## Data provided:
------------------------------------------------------------

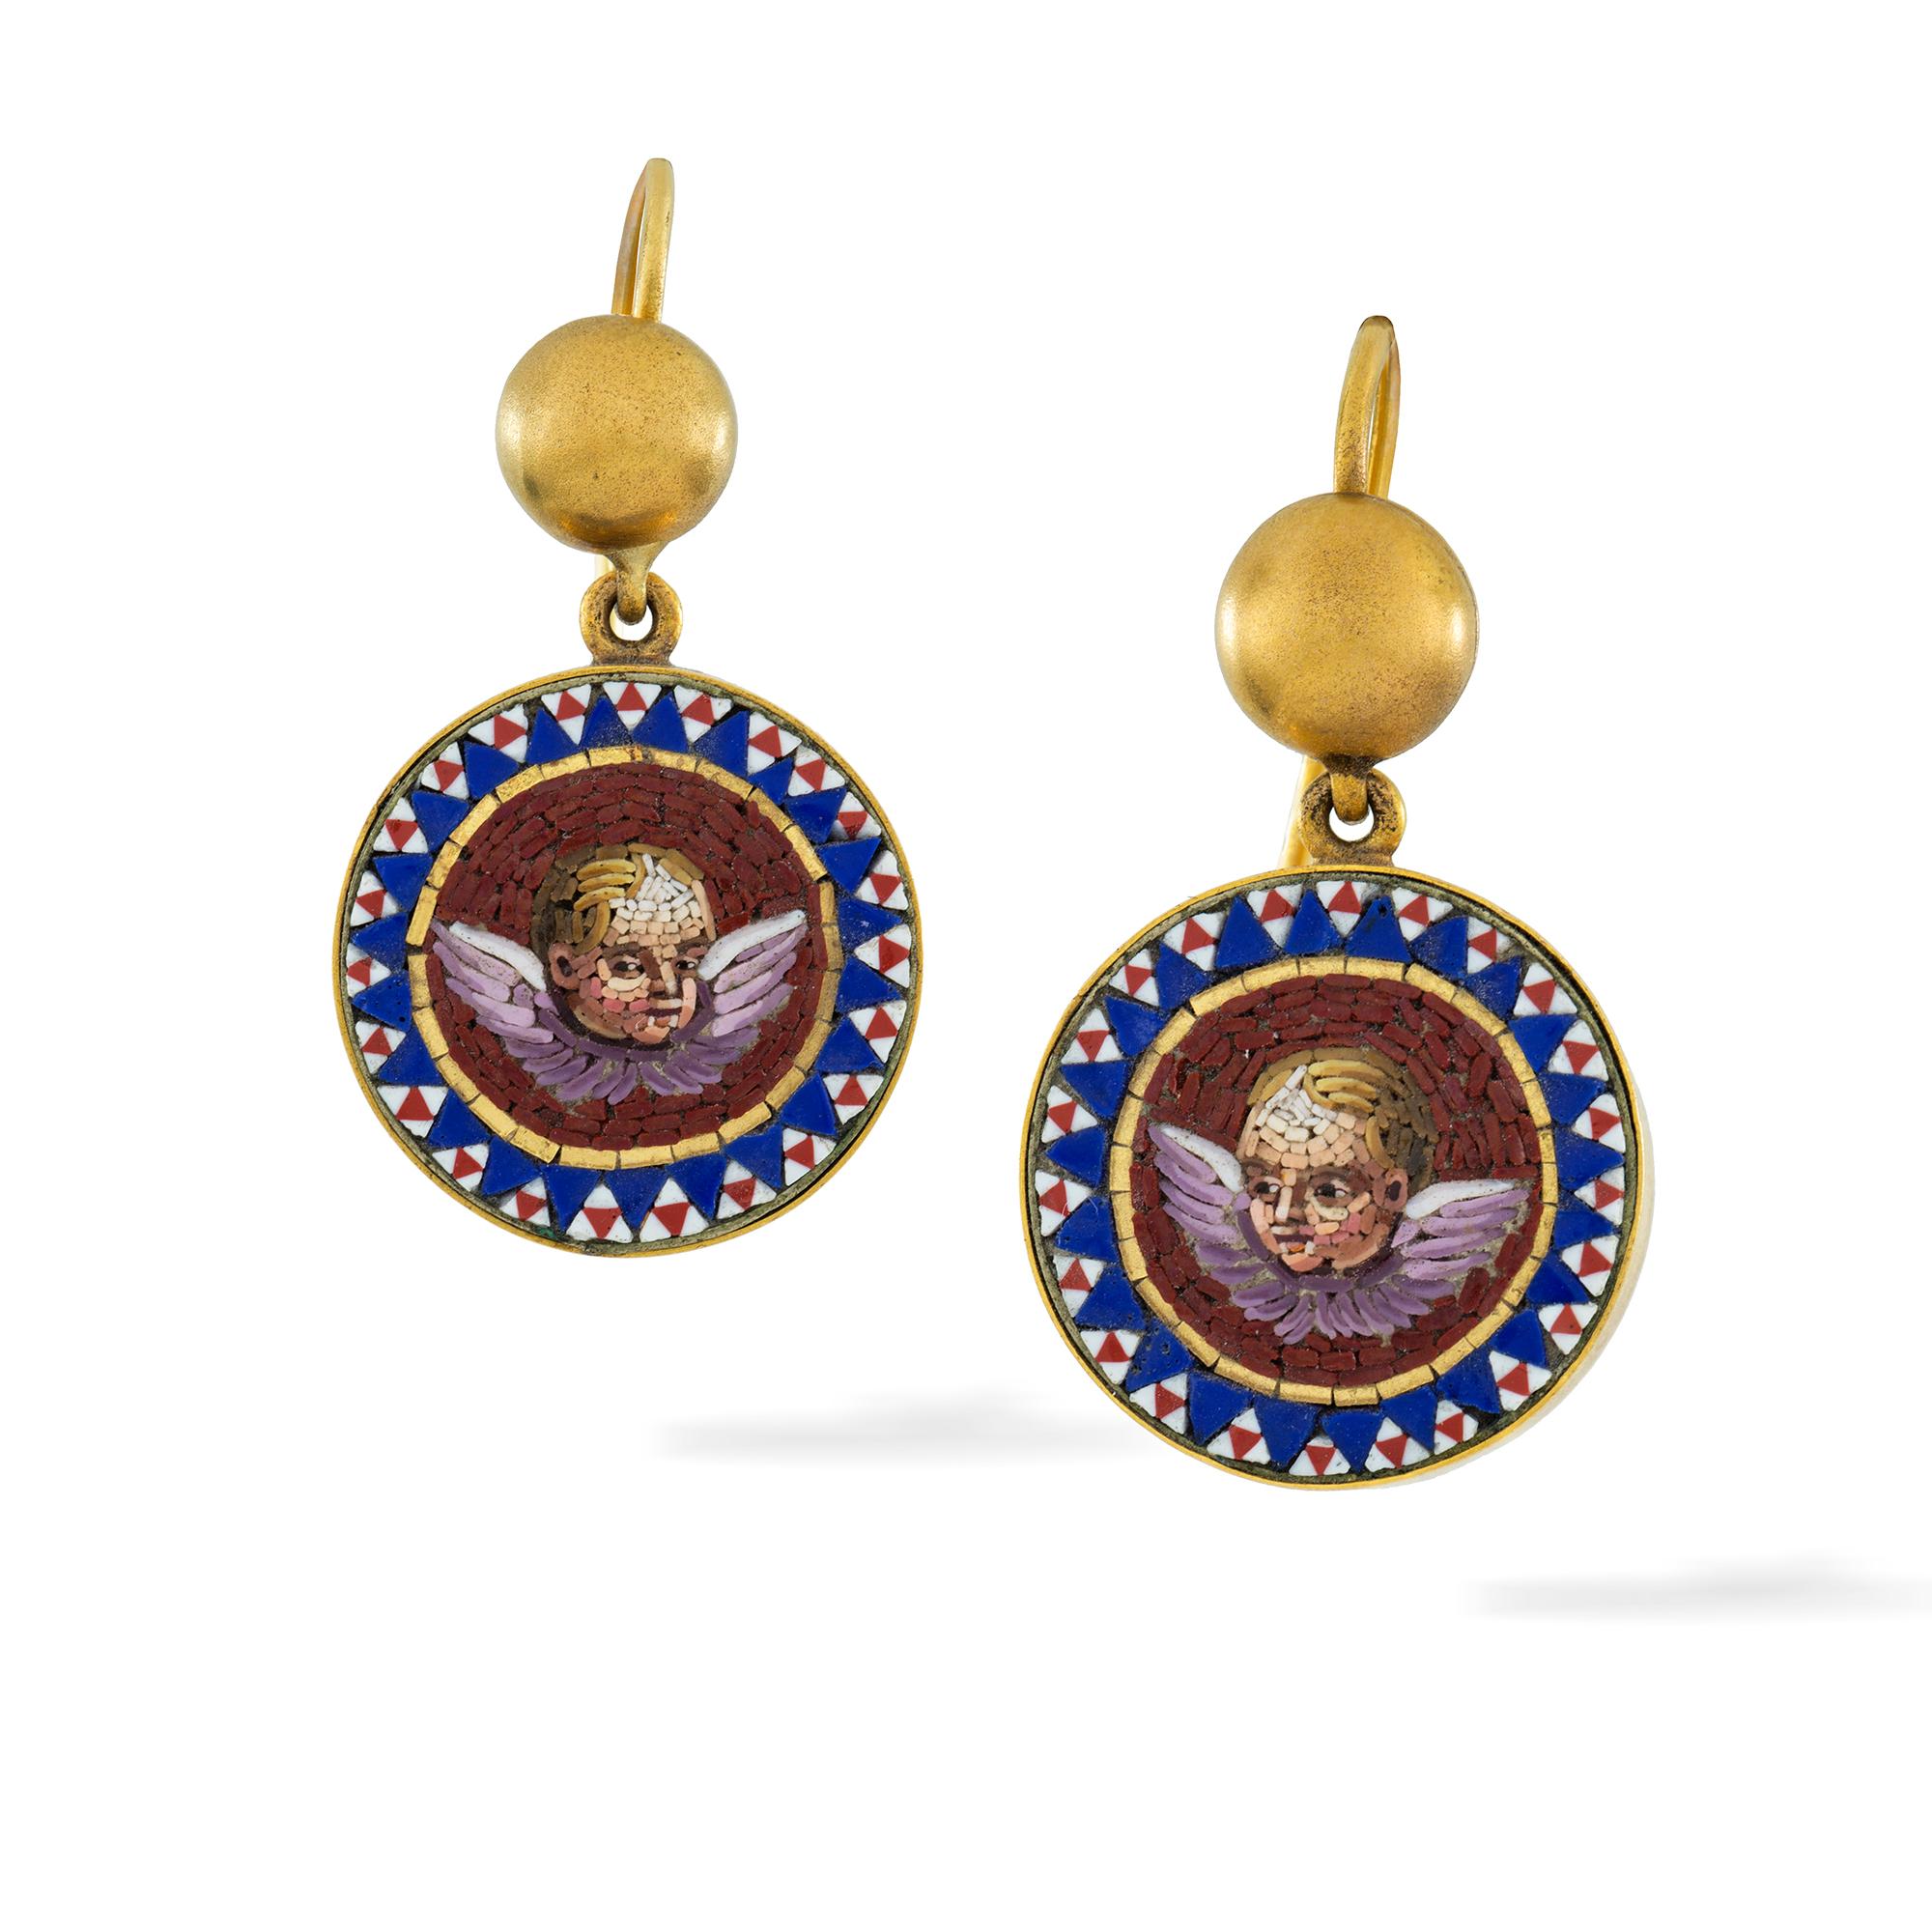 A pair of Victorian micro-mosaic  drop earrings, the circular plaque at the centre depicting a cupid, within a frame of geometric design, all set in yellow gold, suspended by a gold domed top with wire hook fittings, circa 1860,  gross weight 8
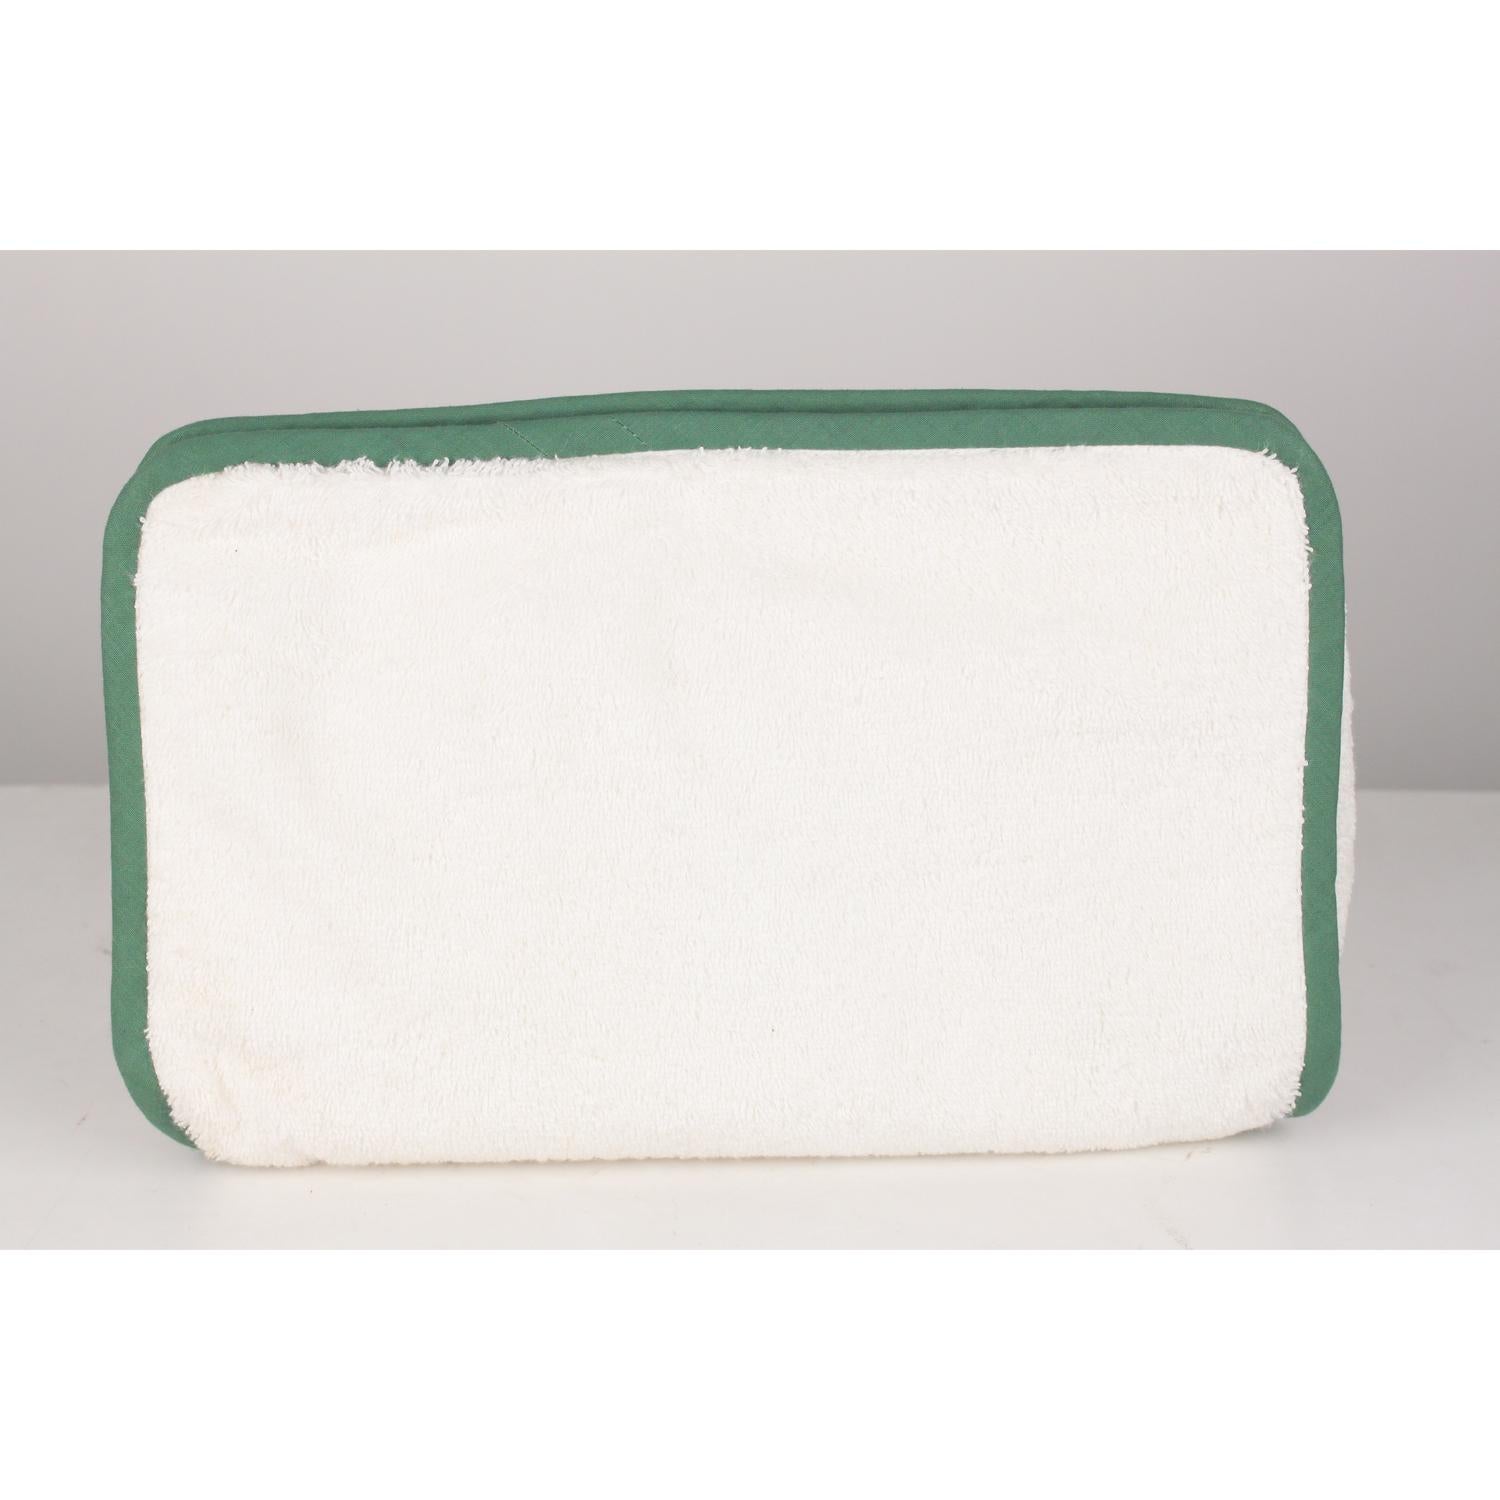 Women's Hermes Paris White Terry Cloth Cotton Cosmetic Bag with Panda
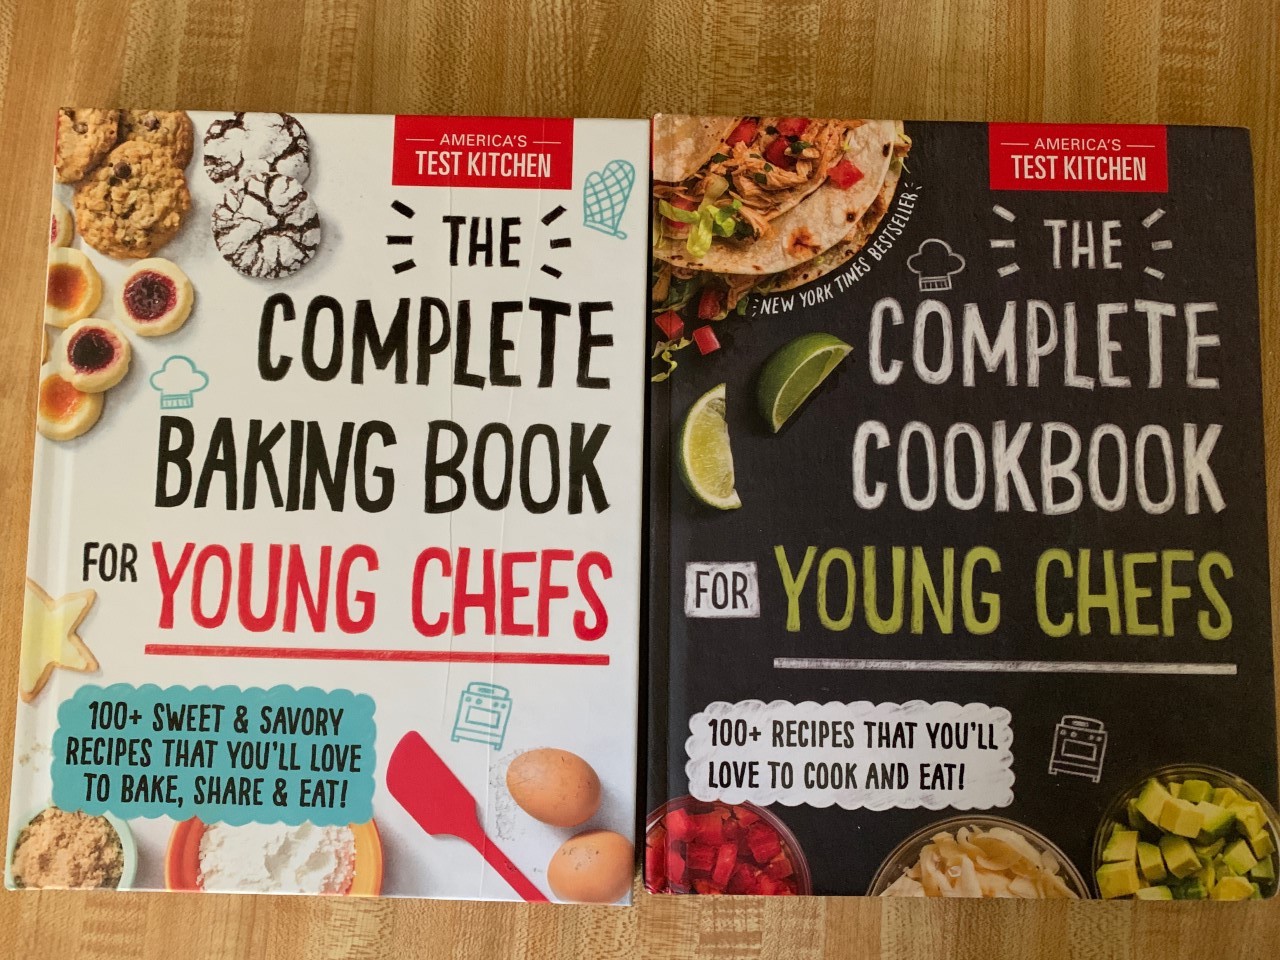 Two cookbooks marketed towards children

------------------------------------------------------------

## Aim of the task:
All the lines above need to be repeated exactly, with no pictures carried over.

## Written solution:
 A pair of Victorian micro-mosaic  drop earrings, the circular plaque at the centre depicting a cupid, within a frame of geometric design, all set in yellow gold, suspended by a gold domed top with wire hook fittings, circa 1860,  gross weight 8
 Women's Hermes Paris White Terry Cloth Cotton Cosmetic Bag with Panda
 Two cookbooks marketed towards children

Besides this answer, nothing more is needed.